Four characteristics of MySQL transaction and its implementation

Four characteristics of MySQL transaction and its implementation

(1) Brief description

Transaction is an important feature that distinguishes MySQL from NoSQL, and is a key technology to ensure data consistency in relational databases. A transaction can be regarded as the basic execution unit for database operations, and may contain one or more SQL statements. When these statements are executed, they are either executed or not executed. MySQL transaction contains four characteristics:

• Atomicity: Statements are either fully executed or not executed at all. This is the core feature of a transaction. The transaction itself is defined by atomicity. The implementation is mainly based on the undo log log.
• Durability: Ensure that data will not be lost due to downtime and other reasons after the transaction is submitted. The realization is mainly based on redo log.
• Isolation (Isolation): to ensure that transaction execution as far as possible not affected by other transactions. InnoDB's default isolation level is RR. The implementation of RR is mainly based on the lock mechanism, hidden columns of data, undo log, and next-key lock mechanism.
• Consistency: The ultimate goal pursued by transactions. The realization of consistency requires both database-level guarantees and application-level guarantees.

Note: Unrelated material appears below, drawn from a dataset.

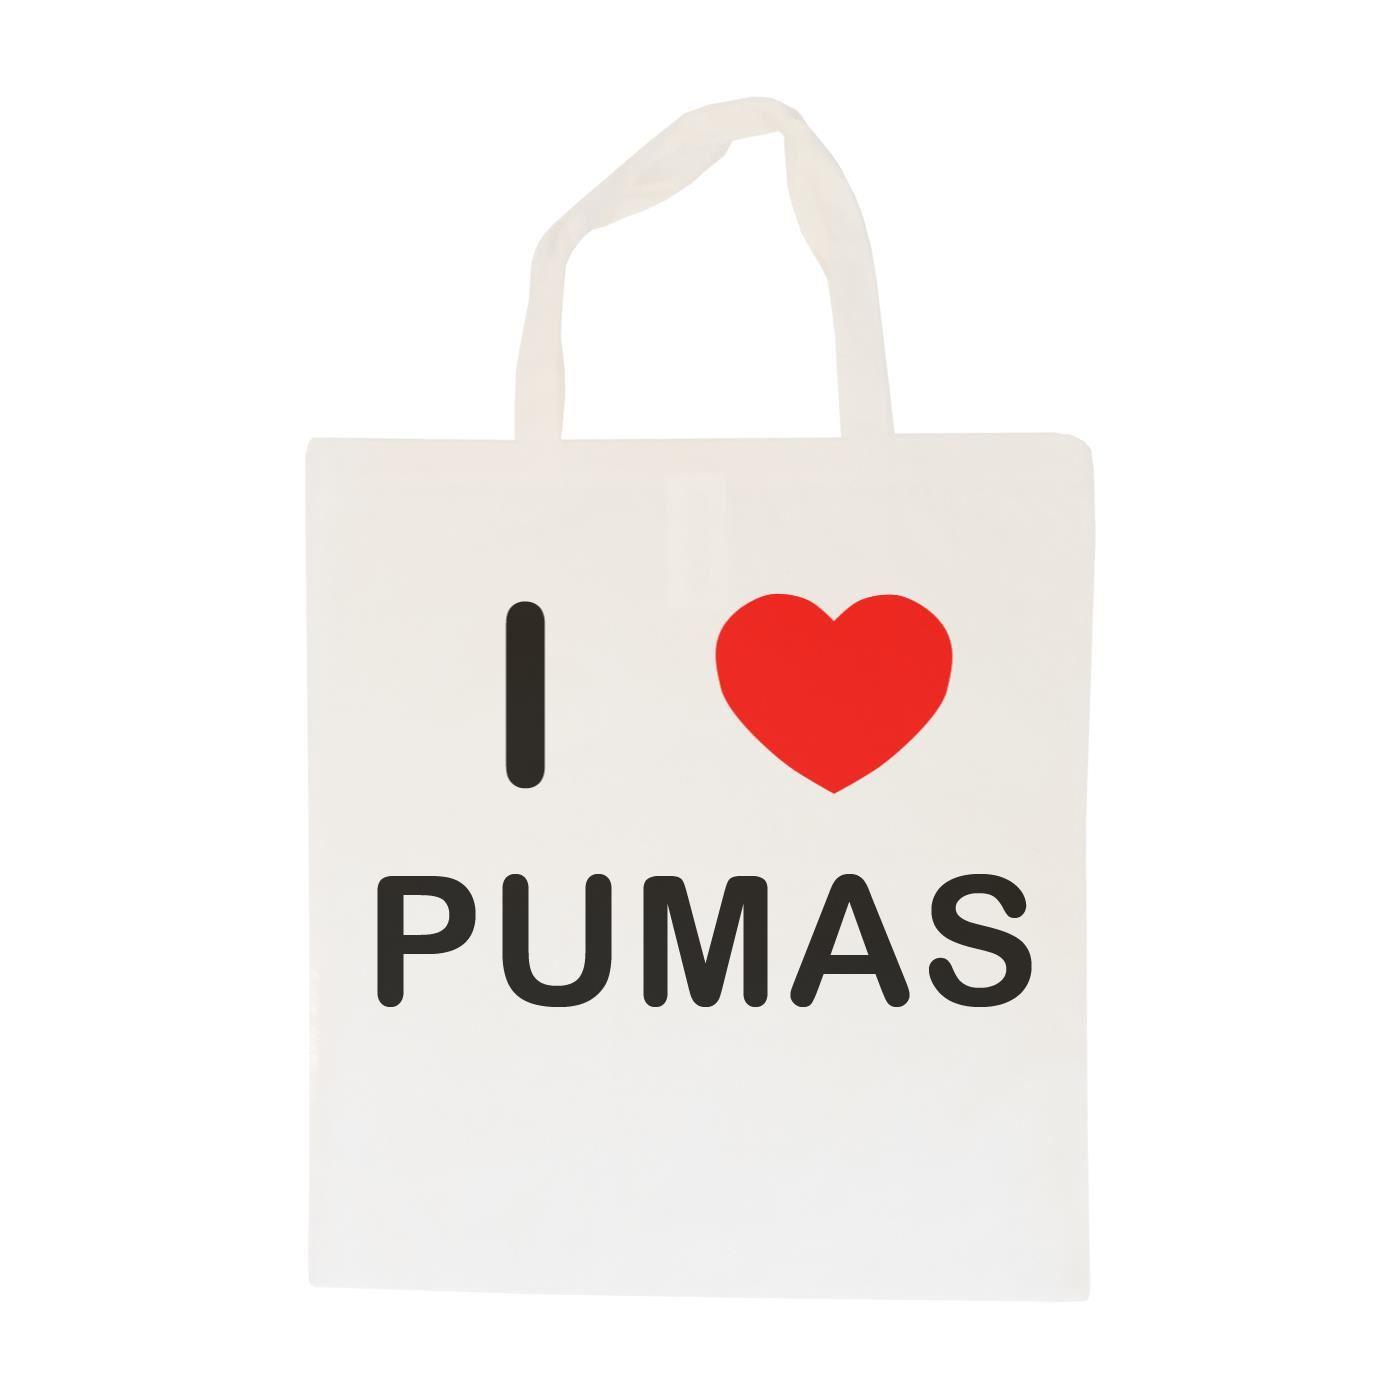 I Love Pumas - Cotton Bag | Size choice Tote, Shopper or Sling

Let's take InnoDB as an example to talk about these four features and implementation methods.

(2) Atomicity

The atomicity of a transaction is like an atomic operation, which means that the transaction cannot be subdivided, and the operations in it are either done or not done. If a SQL statement fails in the transaction, the executed statement must also be rolled back, and the database returns to the state before the transaction. The atomicity of the transaction indicates that the transaction is a whole. When the transaction cannot be successfully executed, all the statements that have been executed in the transaction need to be rolled back to make the database return to the state where the transaction was not started.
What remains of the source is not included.